André Balaio
Um drink na mão e a gata perfeita, pele bronzeada em contraste com o vestido branco, girando e roçando ao som da batida envolvente. O réveillon que sempre sonhou.
– Acorda, Ricardo. Parece que dorme de olho aberto. Passa o chester, menino – disse a prima sorrindo.
Na casa da tia, todos imprensados na mesa assistindo ao especial da TV. Faltava uma hora.
– E por que não vamos logo para a praia? De lá nós vemos os fogos, vai ser lindo – a mãe sugeriu.
O apartamento ficava em um conjunto no Pina mas diziam que era Boa Viagem para parecer chique. Ricardo, a mãe, a tia, o primo, a prima e o namorado da prima levaram sidra, taças de plástico, som portátil, salgadinhos e uma caixa de isopor. A praia já borbulhava com barracas de bebidas, tendas de música eletrônica, vendedores de batida de frutas, ambulantes, pessoas para cima e para baixo do calçadão.
Na areia, abriram as esteiras e sentaram, abriram o isopor e beberam. Cerveja quente. Veio a contagem regressiva, adeus ano velho, feliz ano novo… fogos, abraços, selfies. Liga o som! Beber, dançar, beber. Hora de dar os sete pulinhos nas ondas. É para dar sorte, a mãe lembrou. Tiraram sapatos e sandálias e foram todos. No caminho, Ricardo viu uma garota sentada em uma esteira de vime, vestido branco, pele morena, cabelos negros. Se estava sozinha ali àquela hora deveria querer algo. Reduziu o passo, deixou os outros se afastarem em direção ao mar e se aproximou. Ficou um tempo parado olhando a moça, o álcool nas ideias, e já ia puxar conversa quando apareceu um boy do tamanho de um armário com duas cervejas na mão e sentou ao lado. Ricardo deu meia volta.
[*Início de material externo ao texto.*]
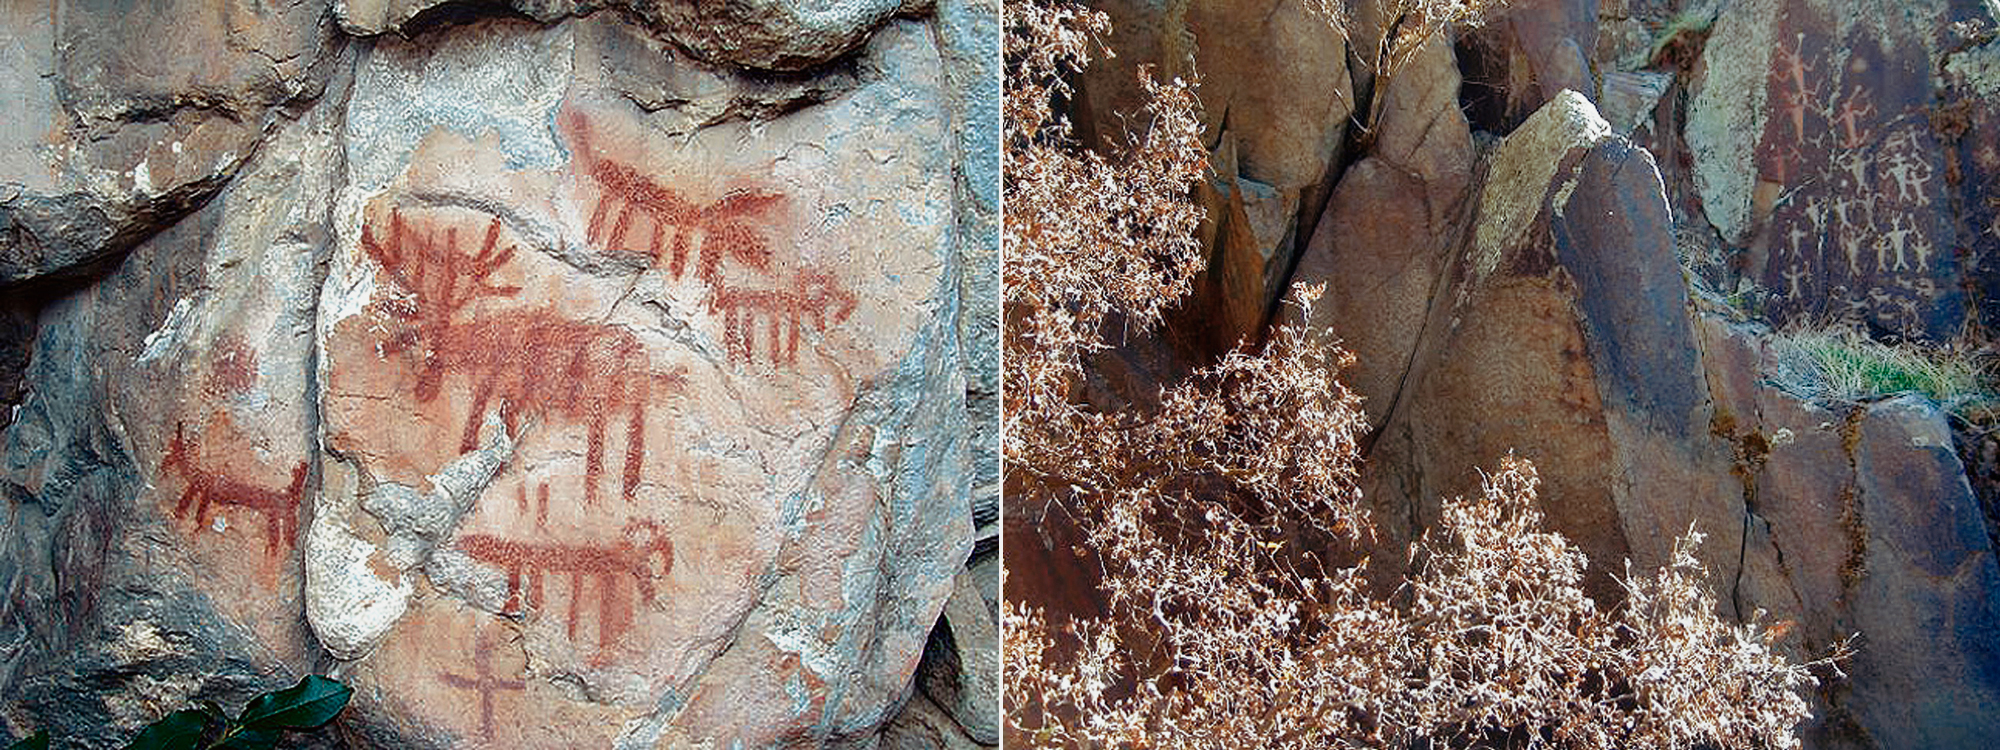 Rock Art Oregon Territory Middle Fork Salmon River Buffalo Eddy Petroglyphs Pictographs Bradshaw Foundation Archaeology USA America United States

Os parentes já saíam do mar quando ele chegou. Teve que pular as ondas sozinho. Após a sétima, percebeu uma jovem loura, pele alva feito leite, corpo perfeito no vestido branco enfeitado com rendas. Andava para um lado e para o outro, molhava os pés, mirava as estrelas, suspirava. Era clarão, era relâmpago. E não parecia haver ninguém com ela. Aliás, a praia já estava vazia.
Depois de alguns minutos, a moça tirou o vestido, ficou completamente nua, entrou na água em passos lentos, olhando a imensidão com ar perdido. O rapaz assistia extasiado, ela parecia flutuar nas ondas. Ricardo decidiu segui-la mar adentro sem perceber que já estava fundo, muito fundo. Foi quando a moça desapareceu. Será que se afogou? Olhou em volta, nadou, mergulhou, nadou mais, até sentir um cansaço extremo que turvou a vista e o fez apagar.
Acordou na areia, respiração boca a boca, a mãe chorando, multidão em volta, peito impelido com violência e jato d’água expulso. A volta para casa foi só reclamação.
Um amigo a quem confidenciou o estranho encontro comentou que a mulher de branco devia ser a Encantada do Pina, fantasma que inspirou o nome da localidade ali perto conhecida como “Encanta-Moça”. Ricardo não quis saber detalhes. Ficou tão traumatizado que hoje em dia passa todos os réveillons em frente à TV.